While it is important to convey the weakness of the chain of custody of the evidence (gospels), you might want to mention Paul's letters as they date from about AD50. I don't know the chain of custody for these.

Not mentioning them, makes it look like you might be exagerating the gap between events and the texts. Not that I think this will convince the faithful. Your own formula, explains in part why. How likely is an avowed atheist likely to tell them God exists. "I shouldn't believe sources that that indicate p is [false] unless there is a reasonable expectation that they would have informed me that p was [true]"

I think this may be why Sam Harris feels atheists should stop identifying themselves as atheists, and instead as truth seekers. If we argue that atheists are not necessarily blinded by their initial position, then we must also accept that religious people can regard truth as more important than a vested interest in religion.
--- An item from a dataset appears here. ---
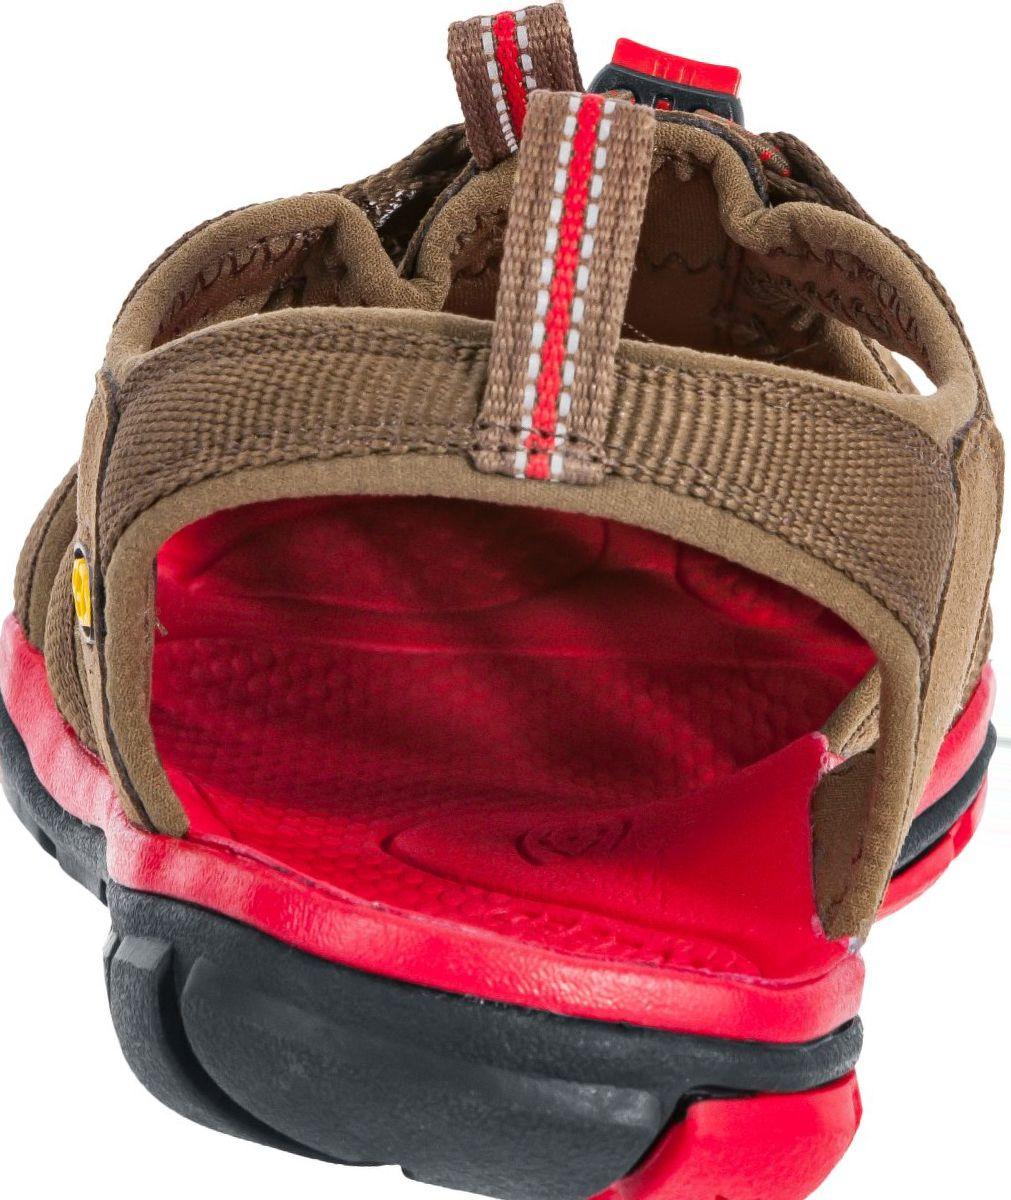 Keen™ Men's Clearwater CNX Sandals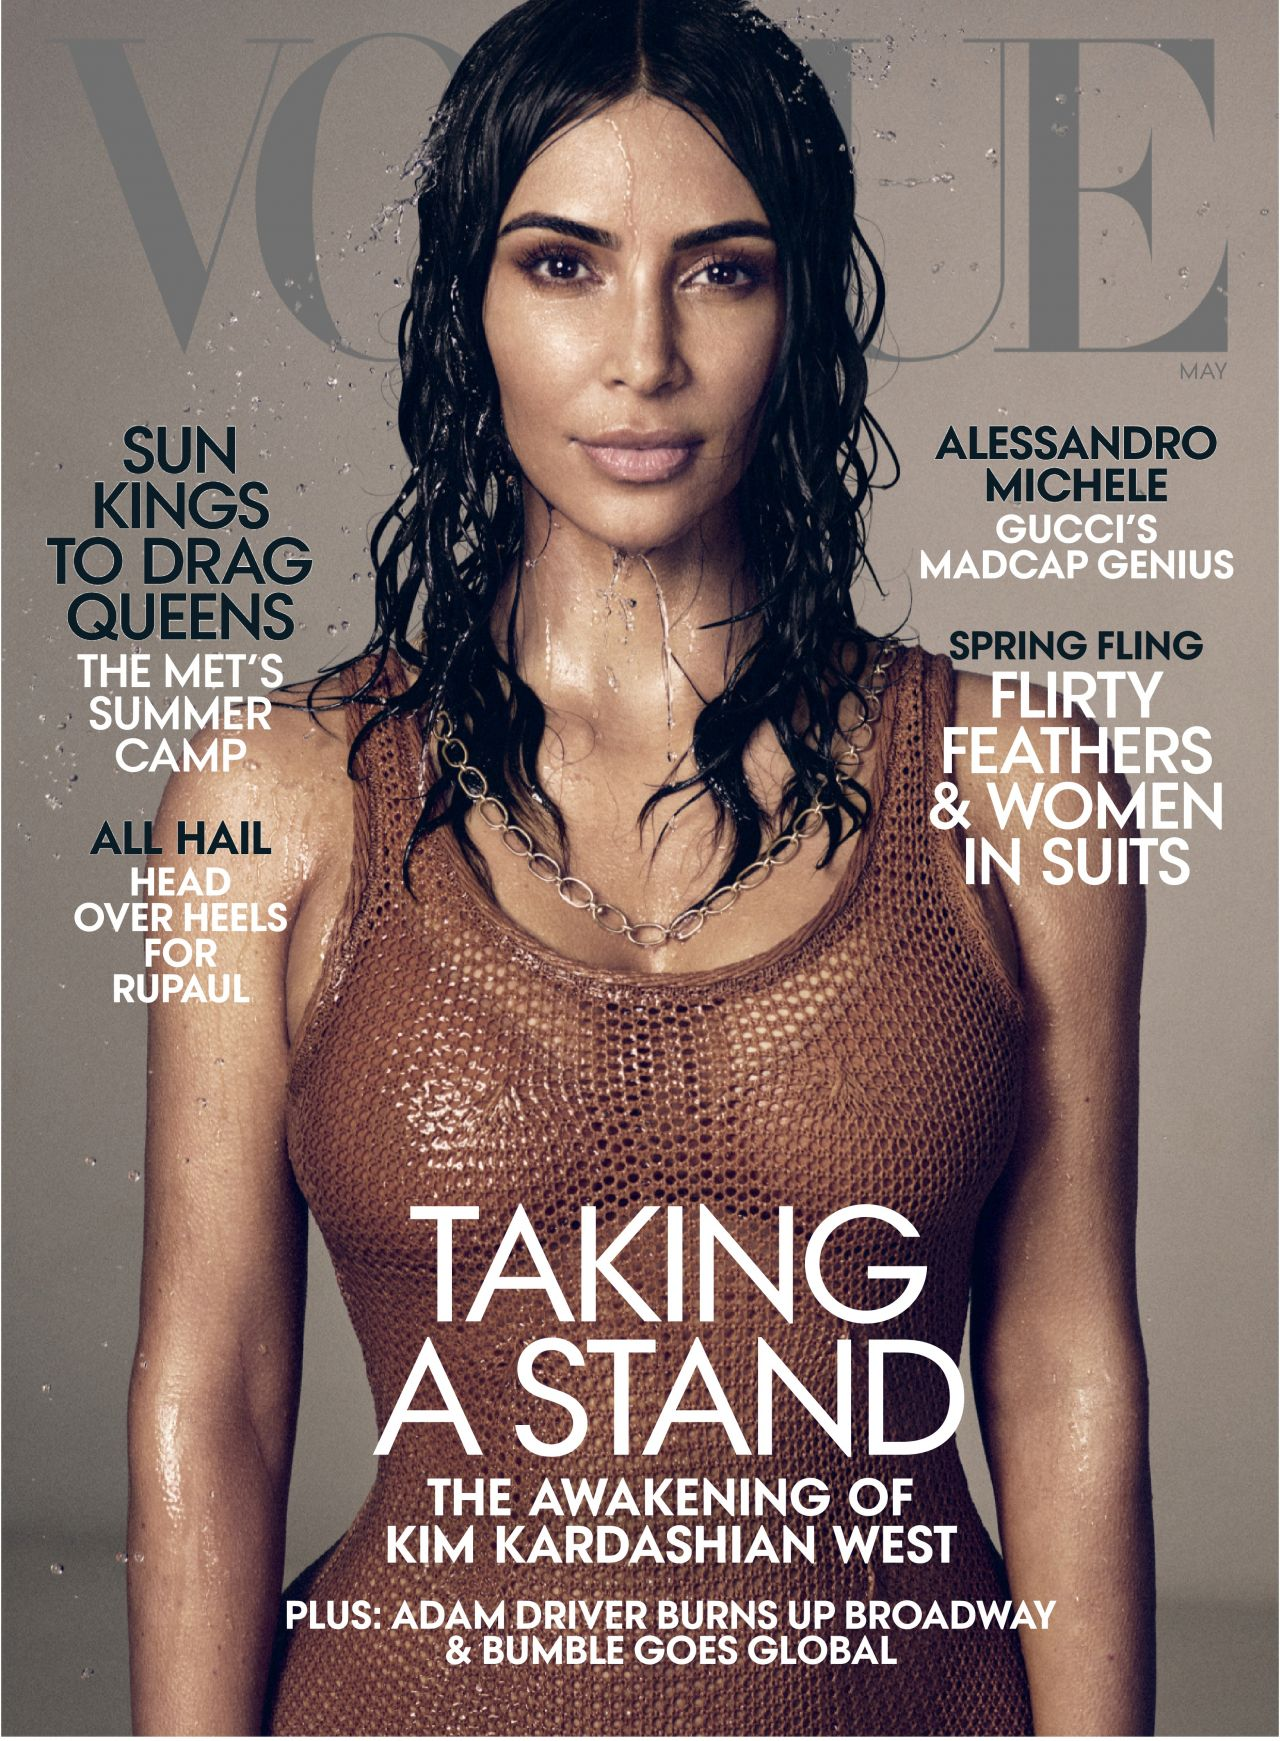 Vogue Magazine Subscription: Vogue Magazine May 2019 Issue

I am not so sure Christianity's success is mostly due to belief in miracles as your first paragraph suggests. I think Christianity emerged in an era when everyone believed in gods and miracles.

Matt McCormick said...

Thanks for your comment Paulv. I Corinthians, Paul's earliest letter, is usually dated at in the mid 50s. So that's relevant. But it isn't considered one of the Gospel Accounts about Jesus and it doesn't allege to present the story of Jesus' resurrection (although Paul seems to believe it and it spreading the story around.) I'm trying to keep the discussion in the paper from exploding into a very large discussion of boring New Testament archeology and history. But doing that may, as you say, set me up for some objections.

MM

Jon said...

Of course not.

Eric Sotnak said...

This is very much off the cuff, but...

Suppose Zeke believes that there are no invisible stealth elephants on the basis of his failure to observe any. Zelda replies, "of course you don't observe them - they are invisible and stealthy, and that's exactly why we should expect you not to observe them if they did exist!"

Does this example pose any problems for your counter-evidence principle?

Matt McCormick said...

Hello Prof. Sotnak, and good to hear from you. Smart atheists have a moral responsibility to not merely lurk, you know.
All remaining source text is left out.